Беседовал Игорь СВИНАРЕНКО
журнал «Медведь», № 5 2008 г.
«Клановость – гибель для культуры»

Пожалуй, одним из самых авторитетных изданий, освещающим состояние нашей культуры, является «Литературная газета», интересная не только неравнодушным отношением к проблемам современного общества, но и полифонией мнений. Газета предоставляет трибуну для высказываний людям с разными политическими и эстетическими взглядами. С главным редактором издания Юрием Поляковым мы беседуем о его видении нынешнего состояния культуры.

– Юрий Михайлович, как вы бы оценили состояние культуры в современной России? Кто-то считает, что она развивается, а кто-то, что деградирует.

– Это процесс мозаичный. Нельзя сказать, что вся культура развивается, находится в застое или деградирует. Есть разные сферы. На мой взгляд, у нас за последние пятнадцать лет деградировало кино. Достаточно посмотреть рядовой фильм шестидесятых-семидесятых годов, чтобы увидеть гораздо более высокий уровень работы актерской, режиссерской, сценарной. Мой учитель Евгений Габрилович говорил, что из плохого сценария не выйдет фильм. А есть области, которые развиваются. Например, реалистические направления в изобразительном искусстве, серьезные прорывы есть в современной прозе. Если брать театр, то, на мой взгляд, тут даже речь не о деградации, а об отказе от миссии, характерной для нашей национальной социокультурной парадигмы.

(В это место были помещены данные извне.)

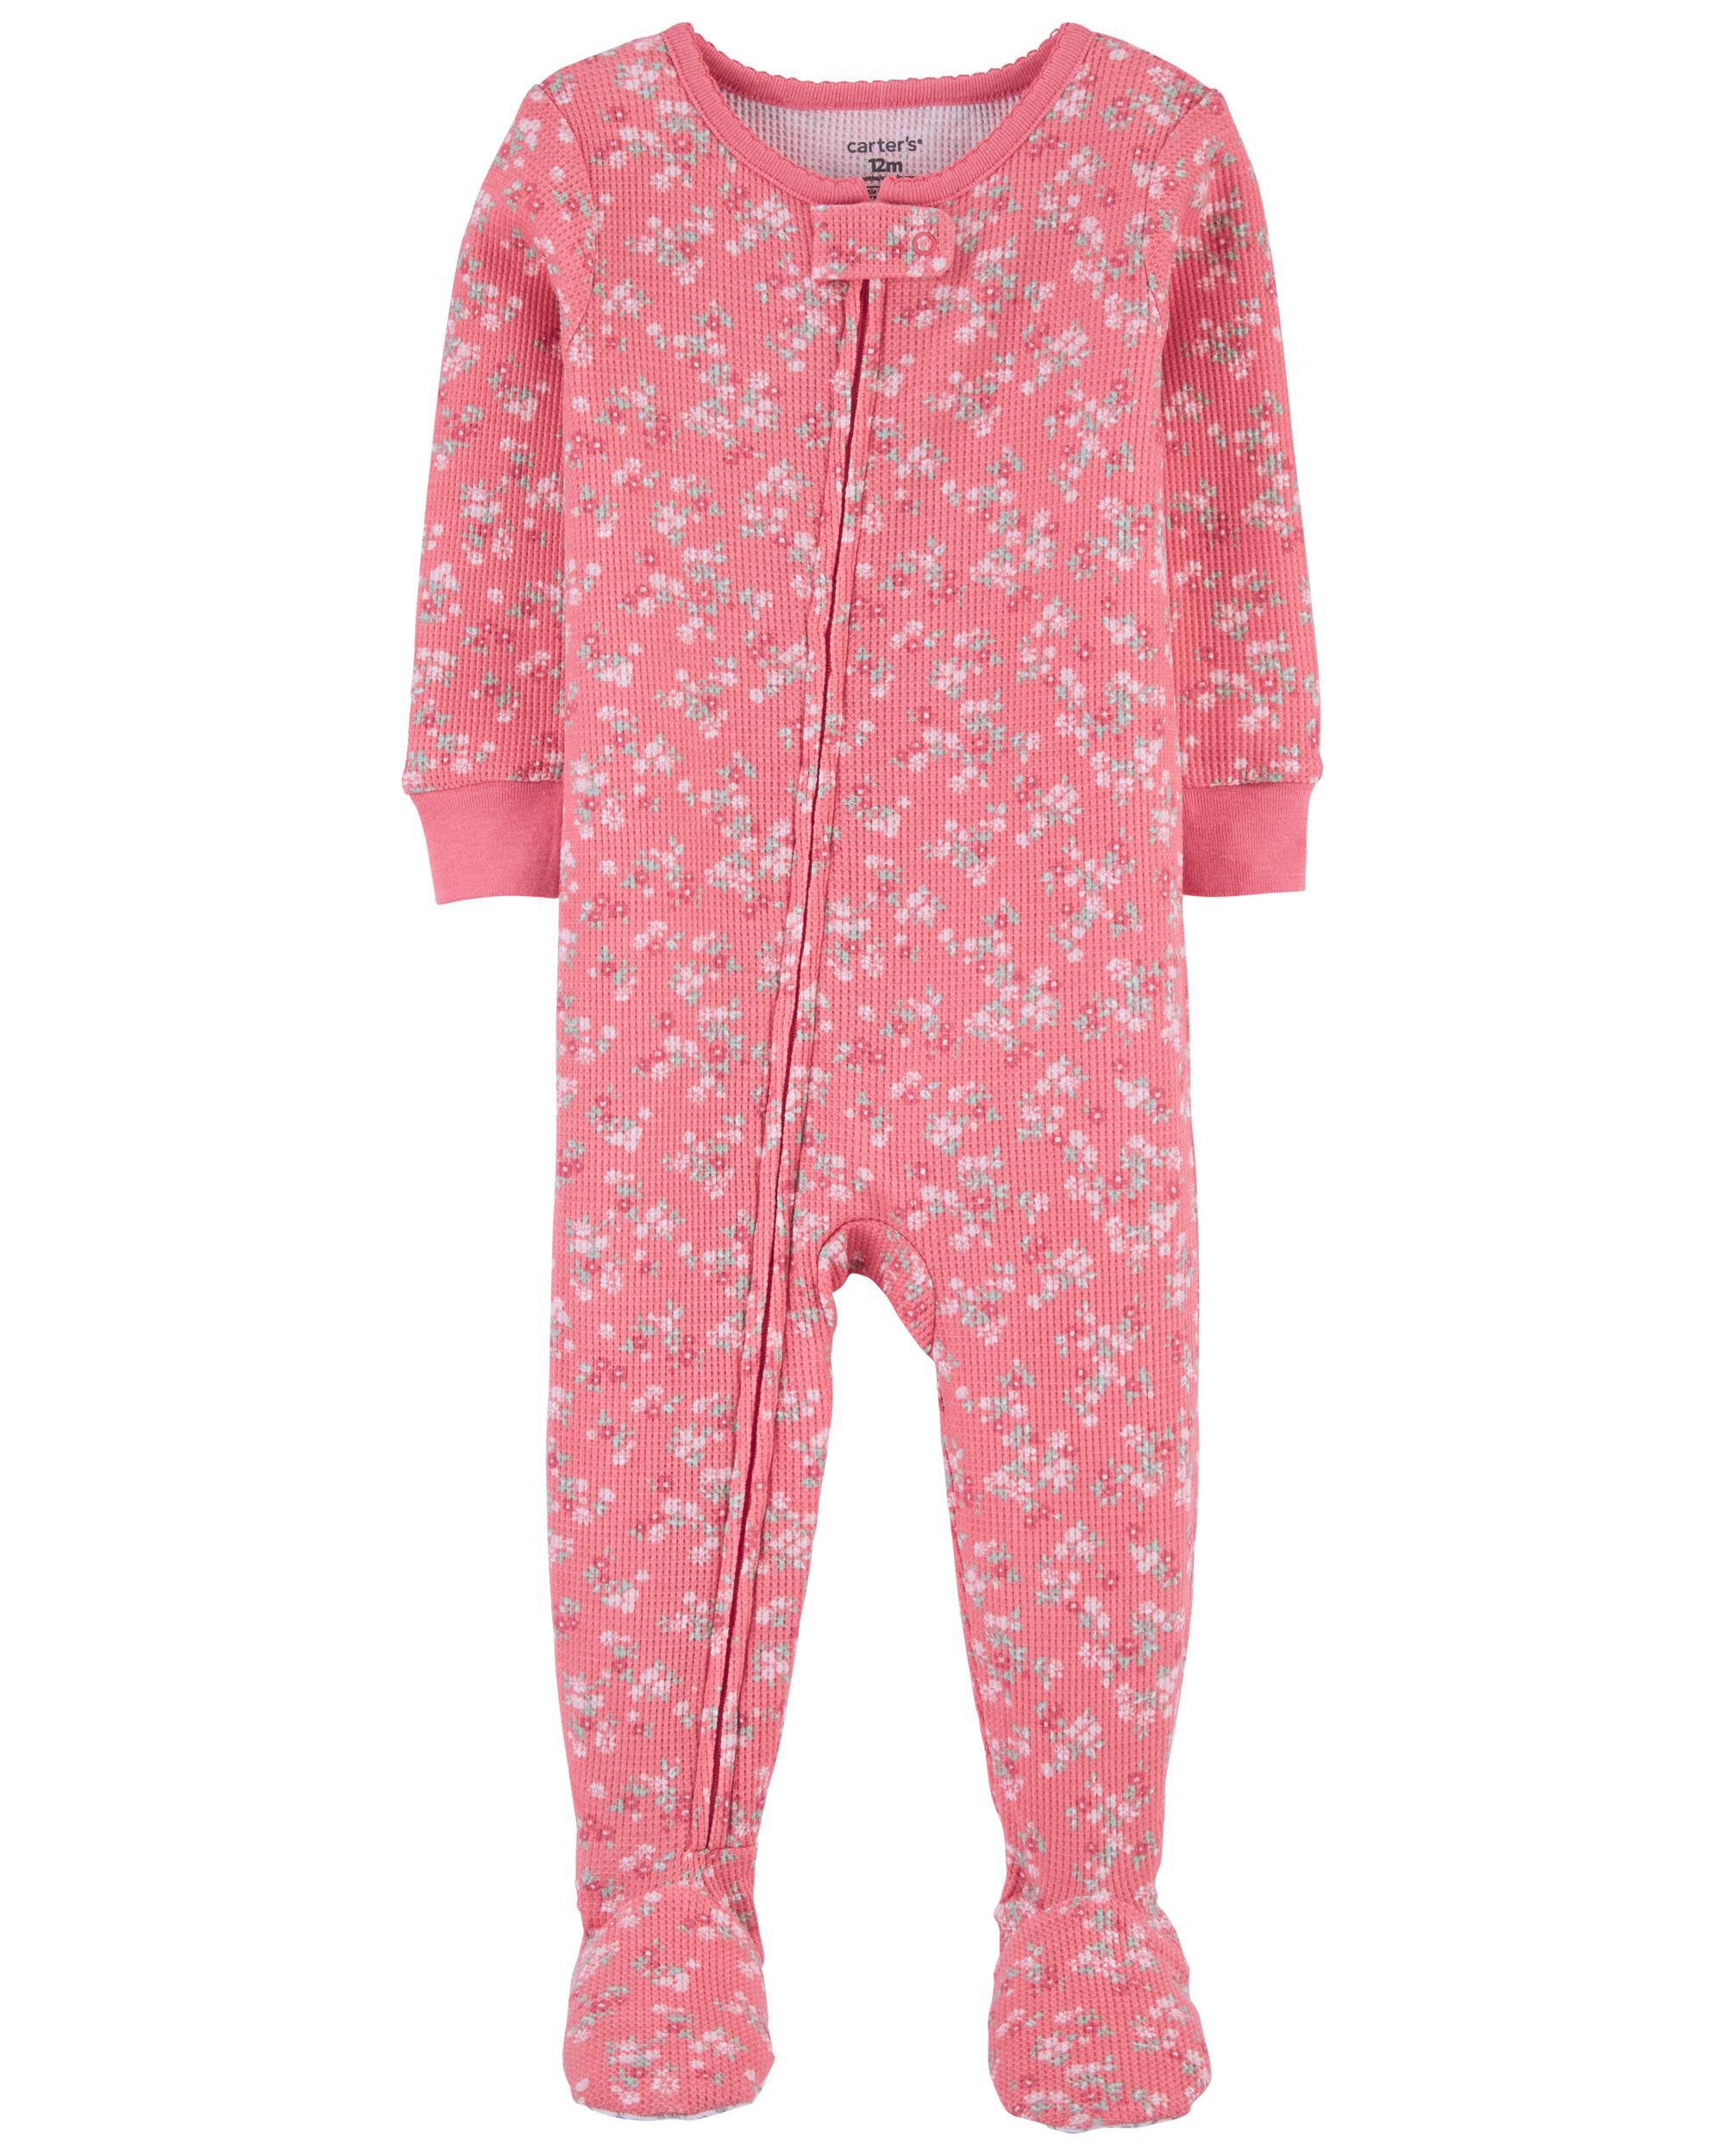 2T Valentine Hearts NWT Girl's Carter's Soft & Warm Zip Footed Sleeper

У нас театр традиционно был социальным, нравственным, политическим чувствилищем. Теперь это театр для рантье и мажоров, упивающихся чернухой.

– А зависит ли от развития русской культуры будущее страны?

– Безусловно. Причем, не только нашей, но любой страны. Культура любого народа – это сформулированное в художественных образах целеполагание, смысл его национальной жизни. Если он не сформулирован или его формулируют как бессмысленность и бесперспективность, то и будущего не может быть. Сначала появляется декаданс в культуре, потом в политике, потом вершится революция.

– Могут ли отдельные личности повлиять на что-то в России?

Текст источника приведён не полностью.